-- DATA EXCERPTS follows --
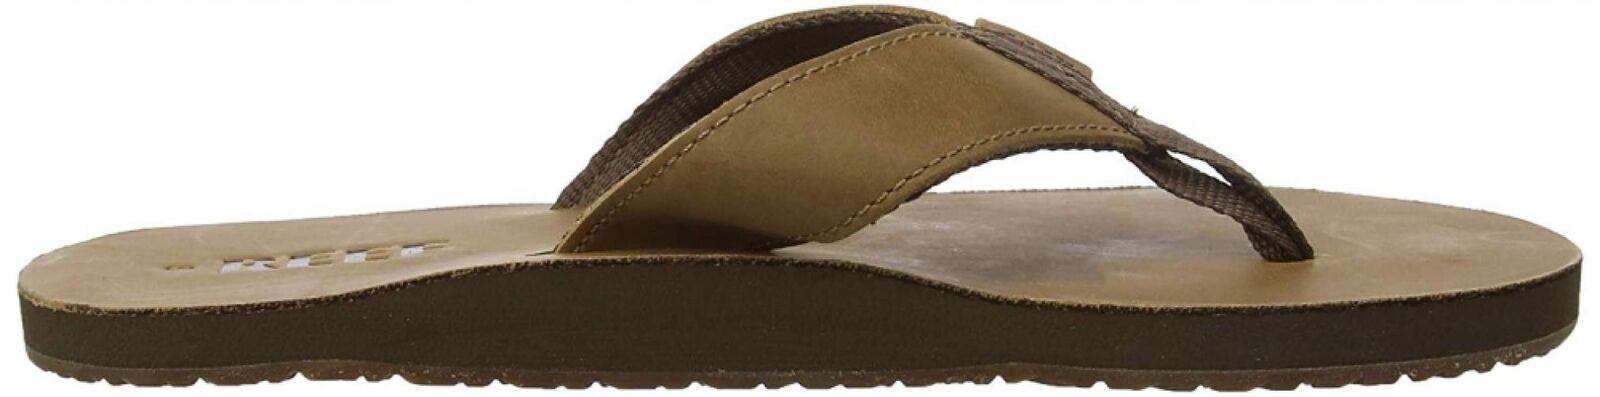 Haflinger Wouomo Smoothy Smoothy Smoothy Thong Sandal 692e89
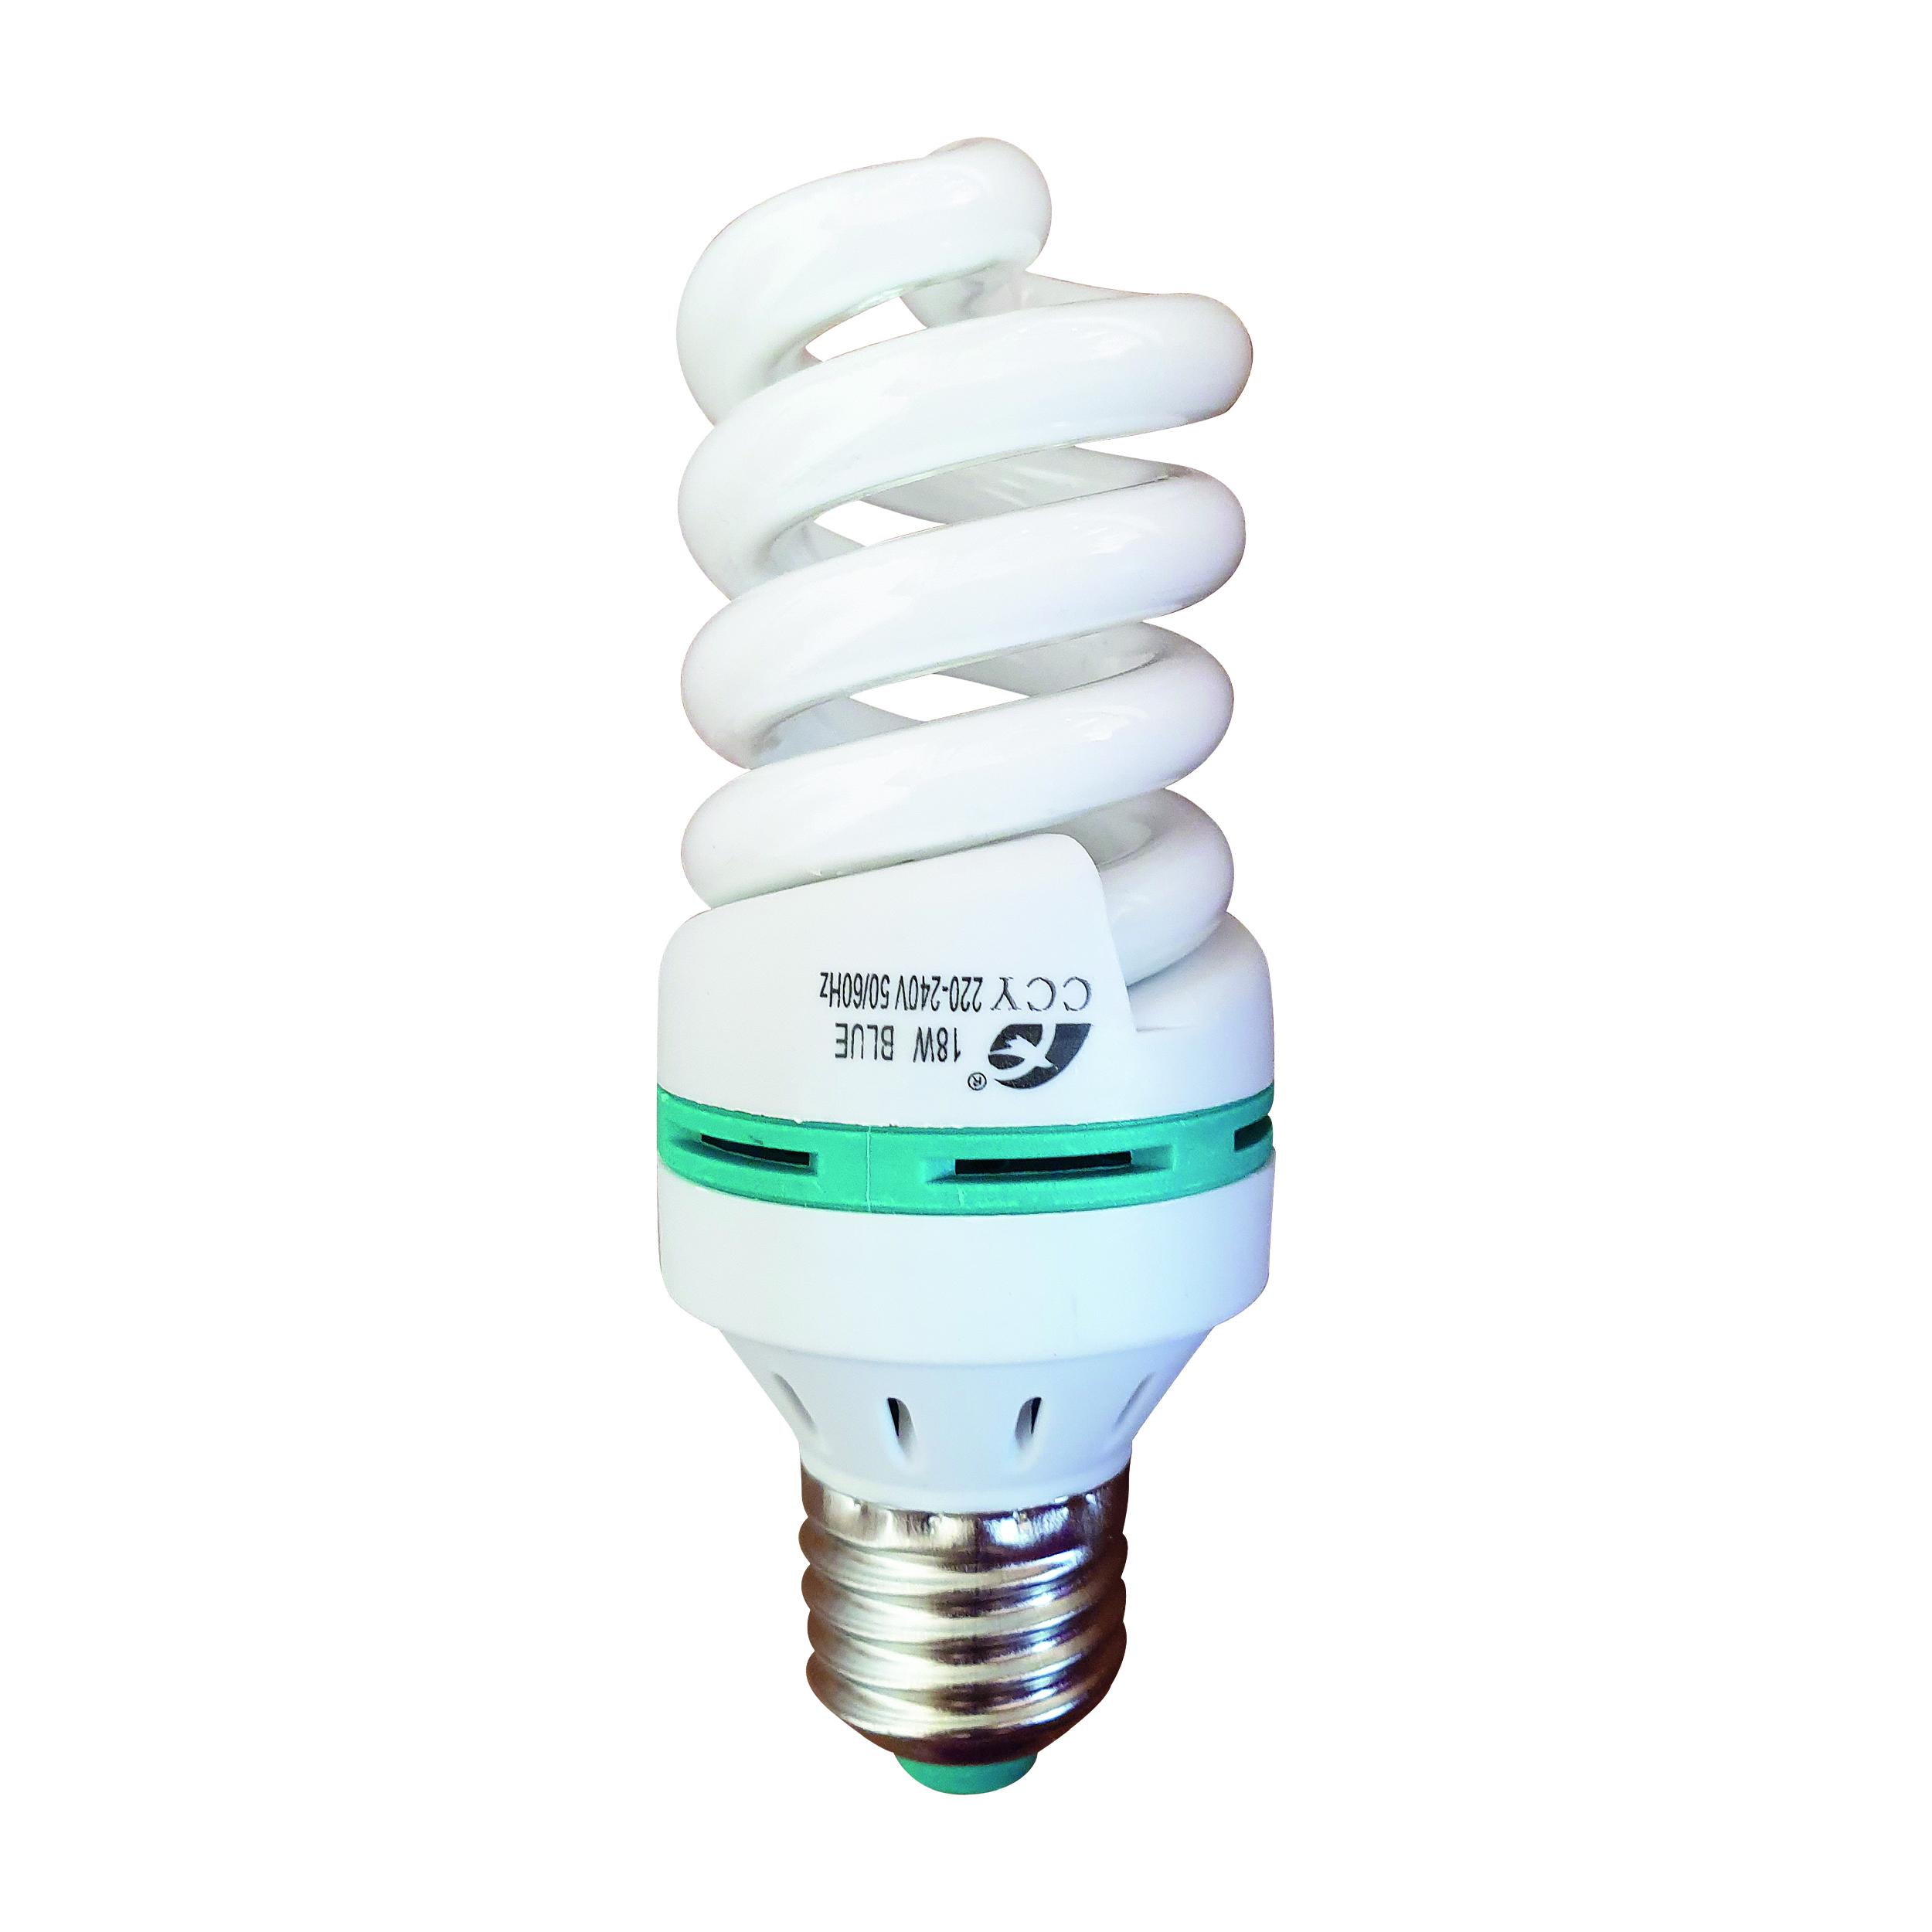 لامپ کم مصرف 18 وات اکانومیک مدل CCY پایه E27
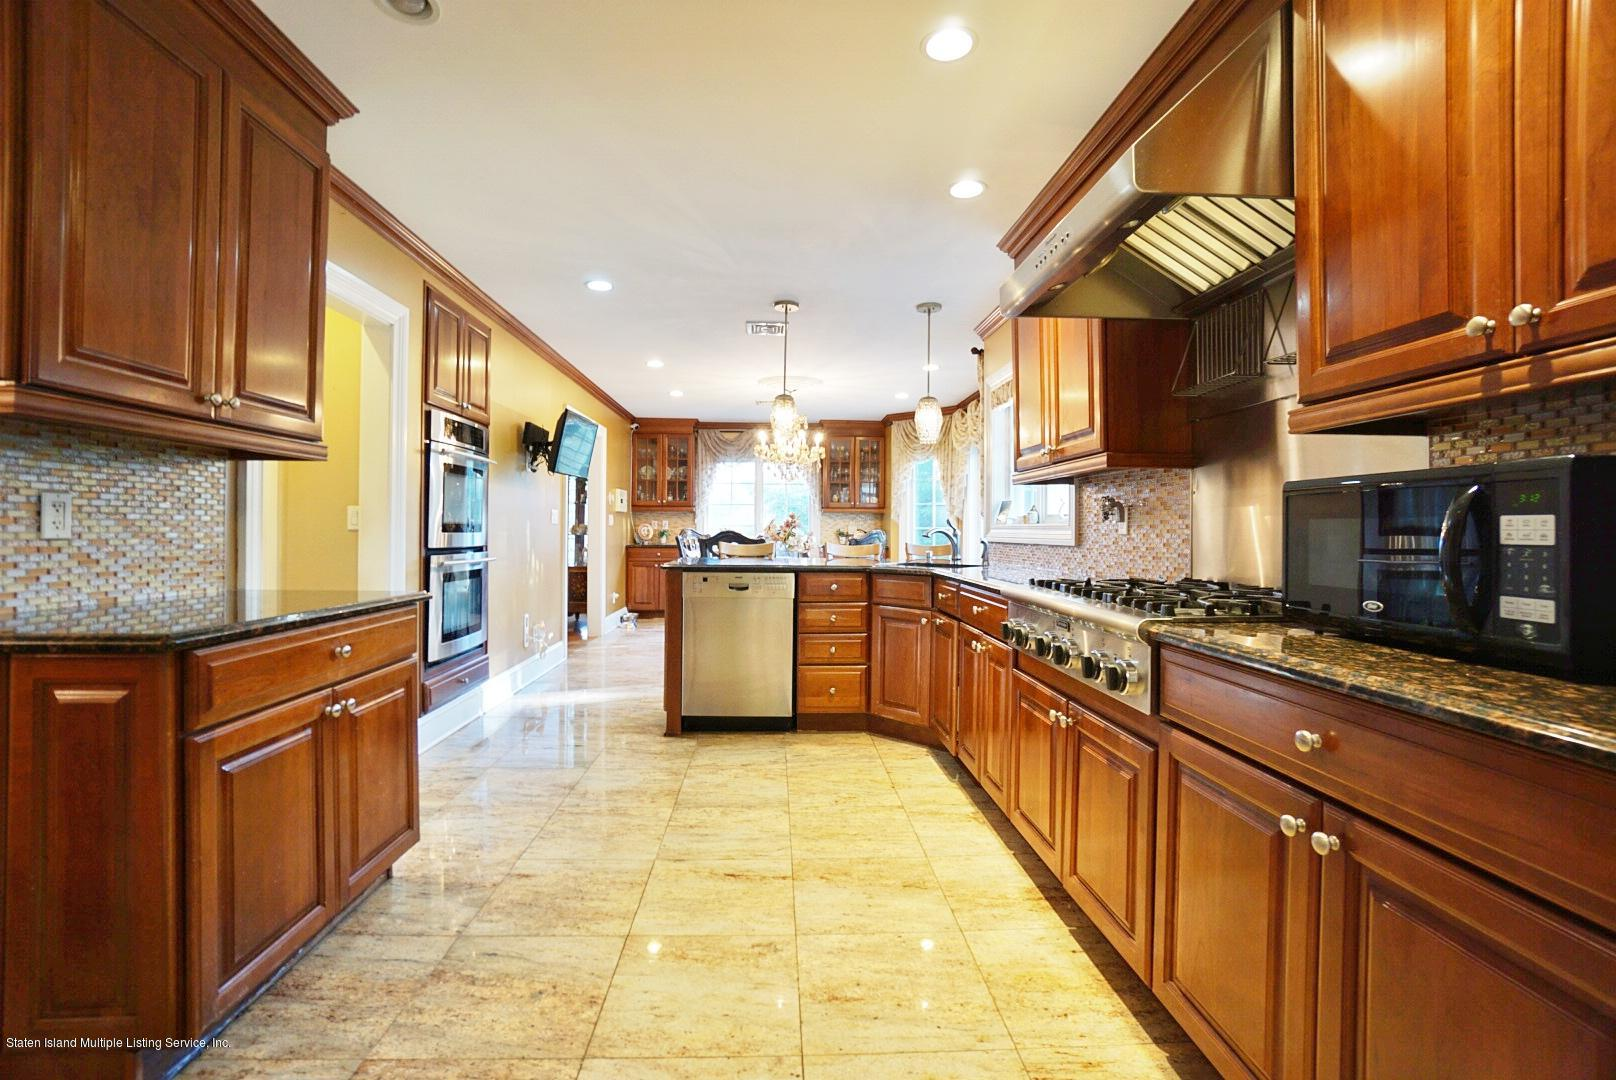 Two Family - Detached 70 Poillon Avenue  Staten Island, NY 10312, MLS-1135570-13
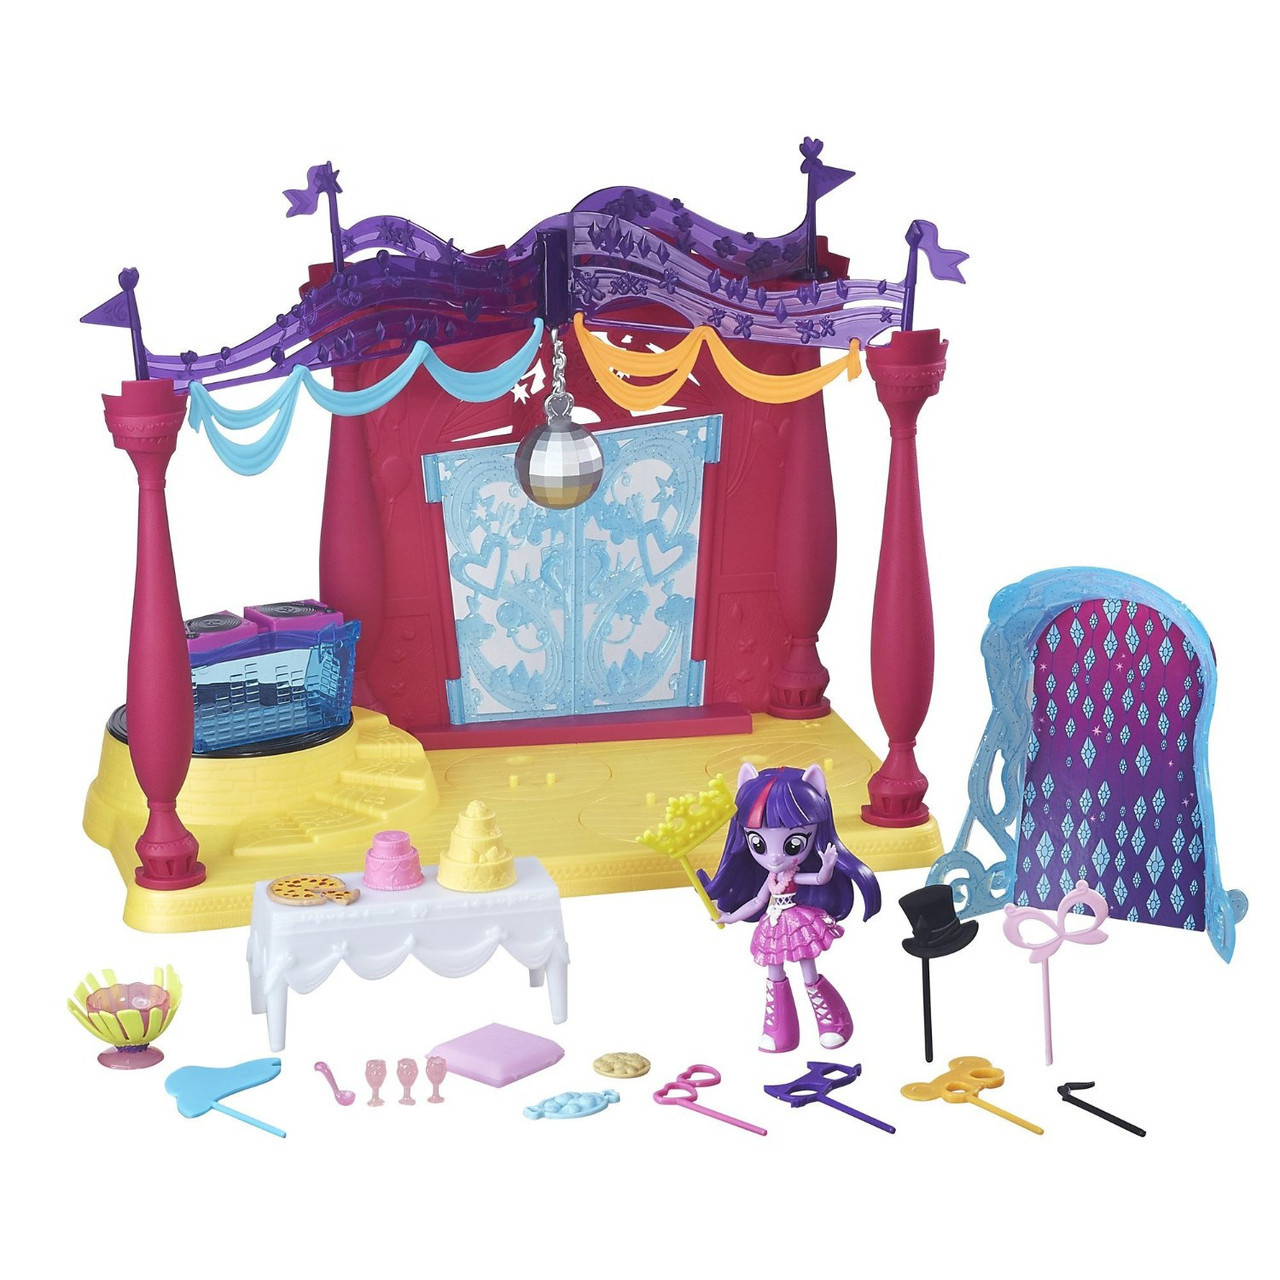 Игровой набор пони Дискотека Твайлайт Спаркл  серия Мy Little Pony Equestria girls
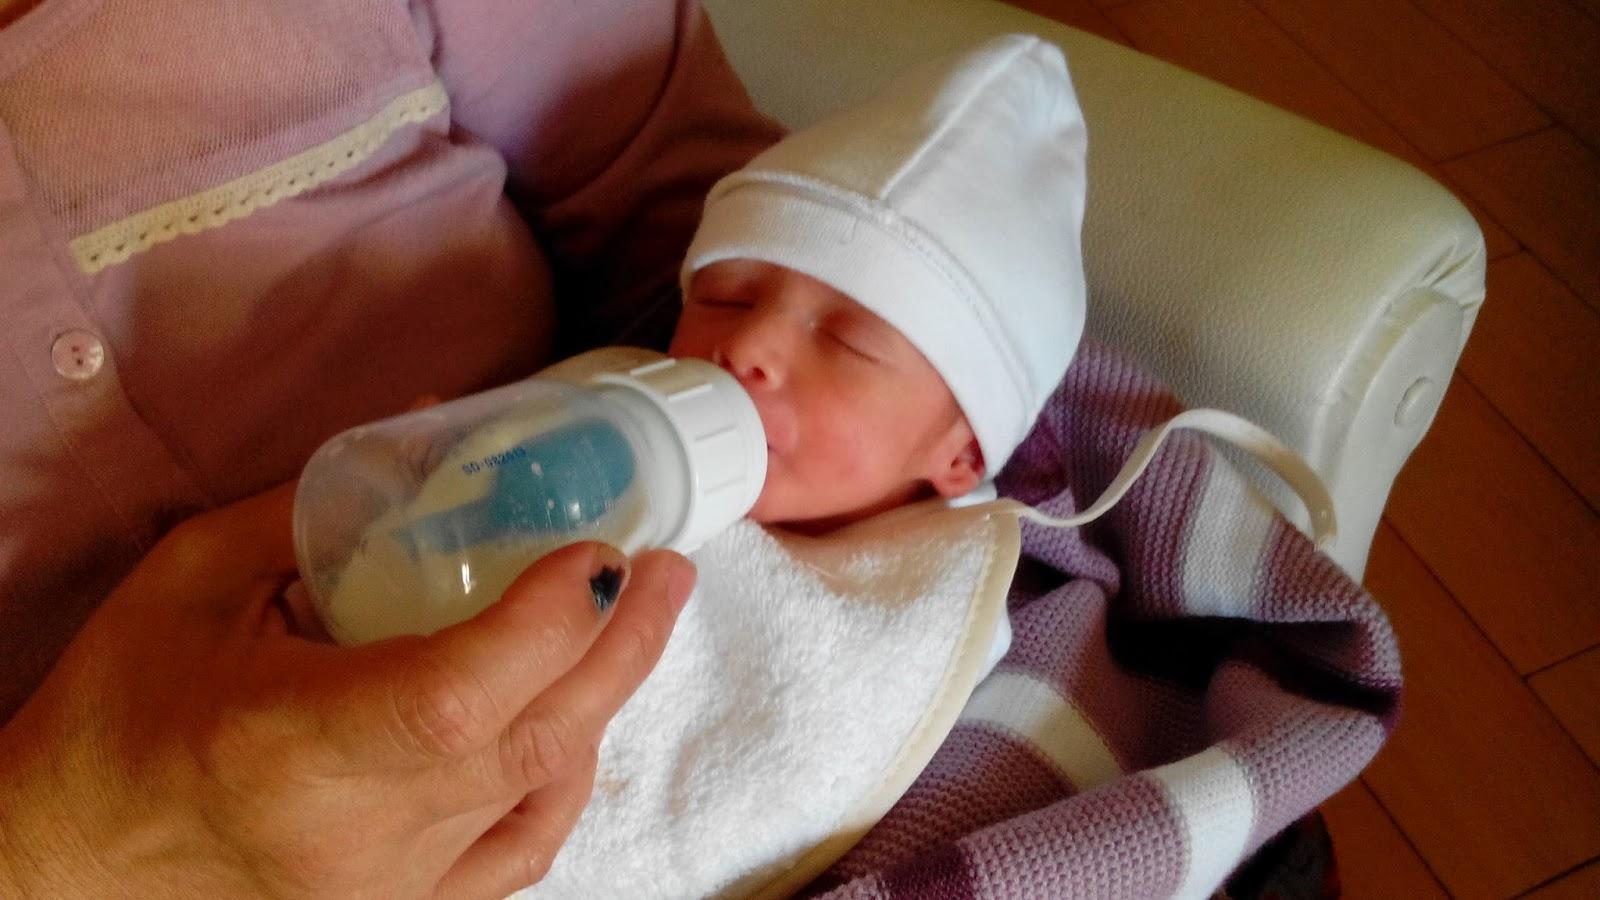 Lactancia artificial cuando falta la leche materna
-- DATA EXCERPTS concluded --
# WHAT YOU ARE ASKED TO DO:
Lines before the one containing "Игровой набор пони" are not wanted; write out that line and every later line through the end of the data above, exactly, without pictures.

# SOLUTION TO THIS EXERCISE:
 Игровой набор пони Дискотека Твайлайт Спаркл  серия Мy Little Pony Equestria girls
 Lactancia artificial cuando falta la leche materna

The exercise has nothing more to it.